Transcribe the listing from its top line through the line with "Zdjęcia - Bakoma". Keep it exact, both ends included, and add nothing.

════════

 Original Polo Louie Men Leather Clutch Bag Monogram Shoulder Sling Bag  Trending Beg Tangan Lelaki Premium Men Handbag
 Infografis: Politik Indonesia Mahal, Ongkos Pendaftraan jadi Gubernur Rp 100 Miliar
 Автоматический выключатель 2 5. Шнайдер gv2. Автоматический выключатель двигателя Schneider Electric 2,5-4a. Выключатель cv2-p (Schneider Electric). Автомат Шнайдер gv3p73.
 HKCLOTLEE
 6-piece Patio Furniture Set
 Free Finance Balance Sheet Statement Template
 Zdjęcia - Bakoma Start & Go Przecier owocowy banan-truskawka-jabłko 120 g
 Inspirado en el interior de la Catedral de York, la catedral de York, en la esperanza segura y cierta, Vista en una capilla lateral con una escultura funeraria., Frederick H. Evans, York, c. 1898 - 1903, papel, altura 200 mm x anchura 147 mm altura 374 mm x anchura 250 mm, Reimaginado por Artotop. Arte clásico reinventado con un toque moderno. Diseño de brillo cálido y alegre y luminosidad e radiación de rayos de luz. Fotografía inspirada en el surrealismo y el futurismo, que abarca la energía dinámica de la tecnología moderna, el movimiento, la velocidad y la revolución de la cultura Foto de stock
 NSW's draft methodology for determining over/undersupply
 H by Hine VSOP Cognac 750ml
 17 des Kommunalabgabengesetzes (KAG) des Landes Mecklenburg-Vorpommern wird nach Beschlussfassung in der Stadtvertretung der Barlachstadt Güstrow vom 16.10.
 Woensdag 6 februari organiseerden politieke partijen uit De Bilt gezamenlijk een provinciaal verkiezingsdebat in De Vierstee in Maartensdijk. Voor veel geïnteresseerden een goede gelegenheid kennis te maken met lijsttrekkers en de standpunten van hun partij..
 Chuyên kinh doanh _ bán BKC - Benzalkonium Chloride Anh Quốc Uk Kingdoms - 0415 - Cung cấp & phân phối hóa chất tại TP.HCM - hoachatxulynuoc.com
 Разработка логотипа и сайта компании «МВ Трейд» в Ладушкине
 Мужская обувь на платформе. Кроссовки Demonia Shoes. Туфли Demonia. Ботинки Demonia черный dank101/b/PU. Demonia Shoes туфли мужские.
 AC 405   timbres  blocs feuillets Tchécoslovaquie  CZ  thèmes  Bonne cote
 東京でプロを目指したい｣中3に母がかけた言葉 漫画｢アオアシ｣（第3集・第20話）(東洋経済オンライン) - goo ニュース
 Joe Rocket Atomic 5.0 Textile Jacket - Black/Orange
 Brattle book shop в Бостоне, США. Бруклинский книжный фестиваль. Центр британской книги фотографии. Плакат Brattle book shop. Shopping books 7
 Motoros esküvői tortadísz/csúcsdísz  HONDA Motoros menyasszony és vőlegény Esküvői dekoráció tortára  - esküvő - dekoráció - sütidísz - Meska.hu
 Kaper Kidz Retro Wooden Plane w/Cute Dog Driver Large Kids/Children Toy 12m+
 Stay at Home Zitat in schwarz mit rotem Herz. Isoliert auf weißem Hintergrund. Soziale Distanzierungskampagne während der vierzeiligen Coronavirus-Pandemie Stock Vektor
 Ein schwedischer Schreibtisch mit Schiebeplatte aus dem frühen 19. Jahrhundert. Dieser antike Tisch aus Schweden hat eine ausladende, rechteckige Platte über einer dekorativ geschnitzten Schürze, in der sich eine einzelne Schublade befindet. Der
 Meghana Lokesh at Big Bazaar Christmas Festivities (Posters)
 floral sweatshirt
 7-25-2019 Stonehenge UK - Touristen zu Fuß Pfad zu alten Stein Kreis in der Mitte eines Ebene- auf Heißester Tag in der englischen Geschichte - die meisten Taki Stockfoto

════════

_RESULT OF THE TASK:_
 Original Polo Louie Men Leather Clutch Bag Monogram Shoulder Sling Bag  Trending Beg Tangan Lelaki Premium Men Handbag
 Infografis: Politik Indonesia Mahal, Ongkos Pendaftraan jadi Gubernur Rp 100 Miliar
 Автоматический выключатель 2 5. Шнайдер gv2. Автоматический выключатель двигателя Schneider Electric 2,5-4a. Выключатель cv2-p (Schneider Electric). Автомат Шнайдер gv3p73.
 HKCLOTLEE
 6-piece Patio Furniture Set
 Free Finance Balance Sheet Statement Template
 Zdjęcia - Bakoma Start & Go Przecier owocowy banan-truskawka-jabłko 120 g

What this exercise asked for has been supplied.